Eight minutes into the second half, a high tackle by Justin Hodges on Cameron Smith close to Brisbane's line resulted in a minor scuffle and a penalty to the Melbourne side. Melbourne captain Smith decided to take the tap and attack Brisbane's line and a close-range try to Matt King resulted. The scores were then level at 8-all, with the kick to come. Smith, also Melbourne's first-choice goal-kicker, was having a problem with his kicking leg so the task fell onto Matt Geyer whose conversion attempt went wide. Ten minutes later a penalty was awarded to the Broncos after a high shot from Billy Slater on Shaun Berrigan and Corey Parker's kick was successful, giving his side a two-point lead at 10–8. Following the restart kick from Melbourne, Brisbane were working the ball out of their own half and on the fifth tackle scored a brilliant grand final try. From dummy half Berrigan ran then passed back inside to Lockyer who gave a short ball on to Parker who did likewise for Casey McGuire. Before being tackled McGuire tossed the ball blindly back over his head and it was picked up by Lockyer who spun out of a tackle then passed it to Tonie Carroll. Without losing momentum, Carroll passed the ball on to a flying Brent Tate who raced to the corner for the try. The conversion attempt from near the sideline was missed by Parker so the Brisbane side led by six with seventeen minutes of play remaining. A couple of minutes later Melbourne appeared to have scored their third try when a bomb by Cronk was leapt for but unsuccessfully taken by both a Brisbane and a Melbourne player. On its way down the ball was snatched from the air by King who looked to have put it down for his second try but the video referee ruled that the ball had gone forward off the Storm so it was disallowed. In the seventy-third minute, after a strong run by prop Shane Webcke (the oldest player on the field) put him in good field position, Lockyer snapped away a successful field goal. This gave Brisbane a 7-point buffer. A frustrated Melbourne side were unable to score in the remaining minutes as Brisbane ground their way towards full-time, the score 15–8 at the final siren.

===Post-match===

Brisbane's Shaun Berrigan, playing in his new role as hooker, received the Clive Churchill Medal for man-of-the-match. His dummy half raids and effective defence were seen as instrumental in his team's victory.

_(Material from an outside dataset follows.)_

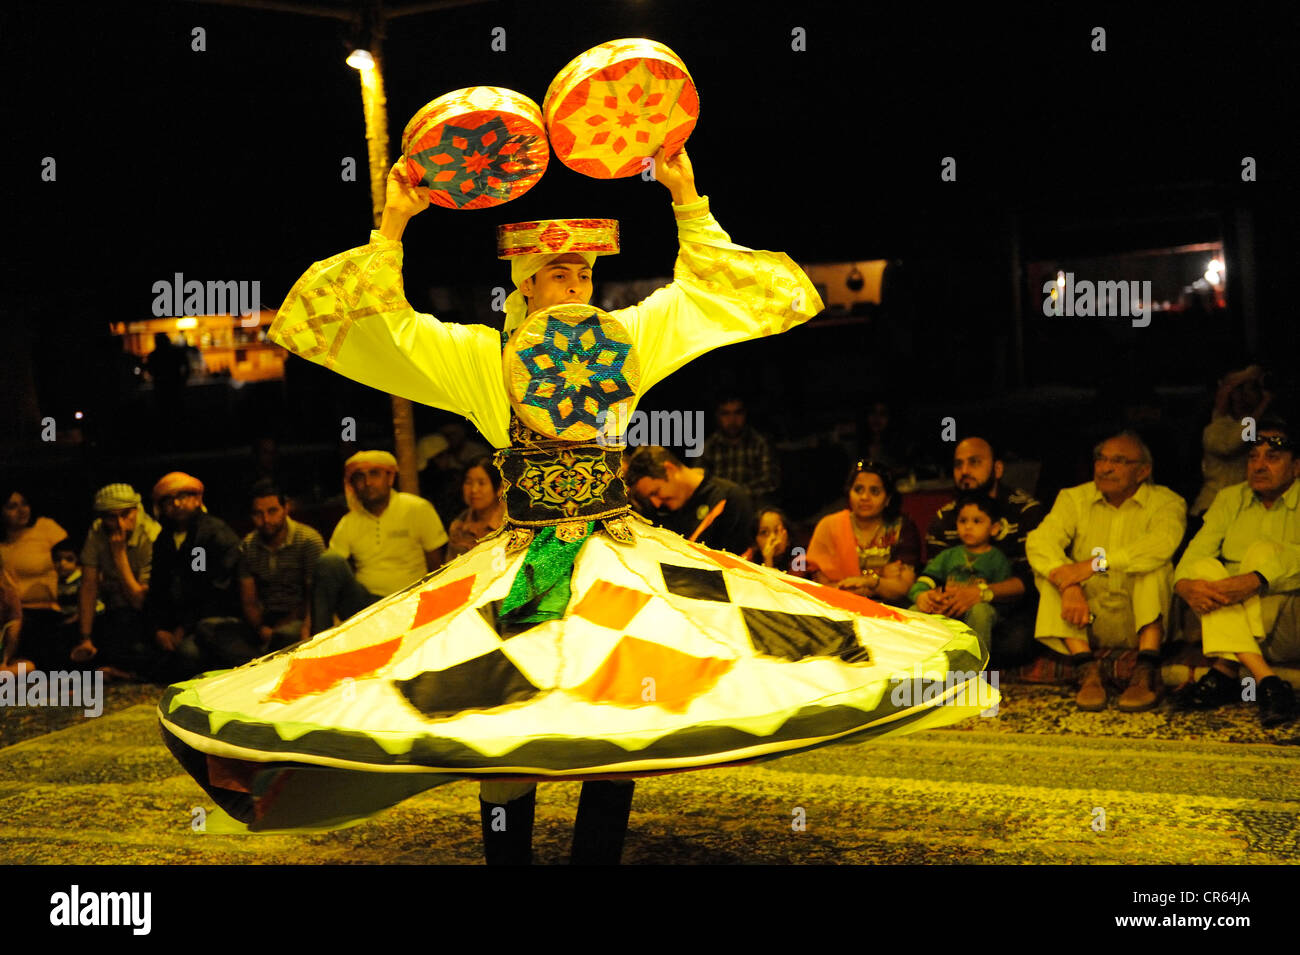 Danse folklorique dans un camp dans le désert, Dubaï, Émirats arabes unis, l'Arabie, à l'Est, Moyen Orient Banque D'Images

Brisbane's victory was the club's sixth premiership in their 19 seasons and it broke what was at the time their longest premiership drought (five years). They suffered 11 losses during the season (including those to non-finals teams the Cowboys (twice), Wests Tigers and the wooden spooners, South Sydney), the most ever by a premiership-winning team. The win also enabled Brisbane to maintain their 100% victory record in grand finals, making it six from six. This also made Wayne Bennett the most successful Australian rugby league club coach of all time in terms of premierships won. In addition the grand final victory provided the perfect farewell for retiring Broncos prop-forward Shane Webcke, who left the playing field with a grand final victory in his final match. Also departing the NRL were Casey McGuire and Scott Hill, both bound for the Super League.

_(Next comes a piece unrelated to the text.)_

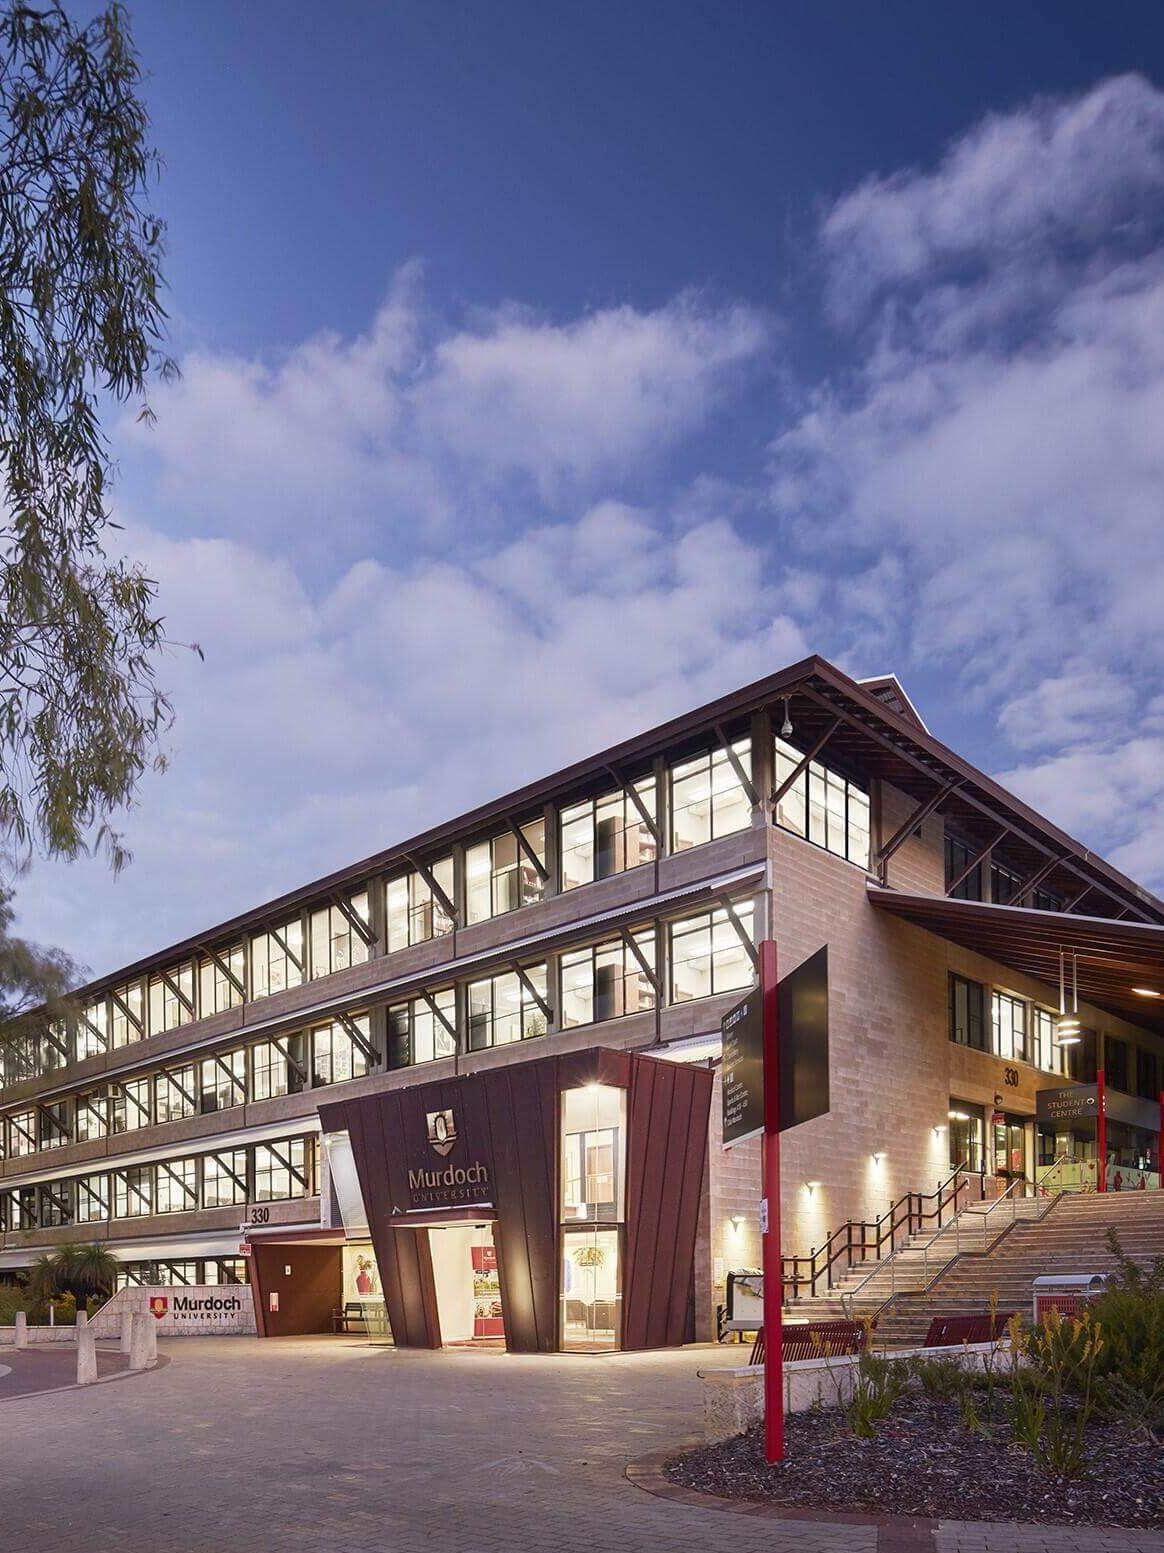 Murdoch University in Perth in Western Australia

2006's grand final set a new record for the second highest ever television audience in Australia for a rugby league match since the introduction of the OzTam ratings system in 2001, behind only the previous season's grand final. Melbourne's television audience for the match was higher than Sydney's.

The two teams would meet again in the 2025 NRL Grand Final.

==2007 World Club Challenge==

Having won the NRL grand final, the Brisbane Broncos had earned the right to play against 2006's Super League XI Champions, St. Helens in the following February's World Club Challenge. St Helens won 18–14.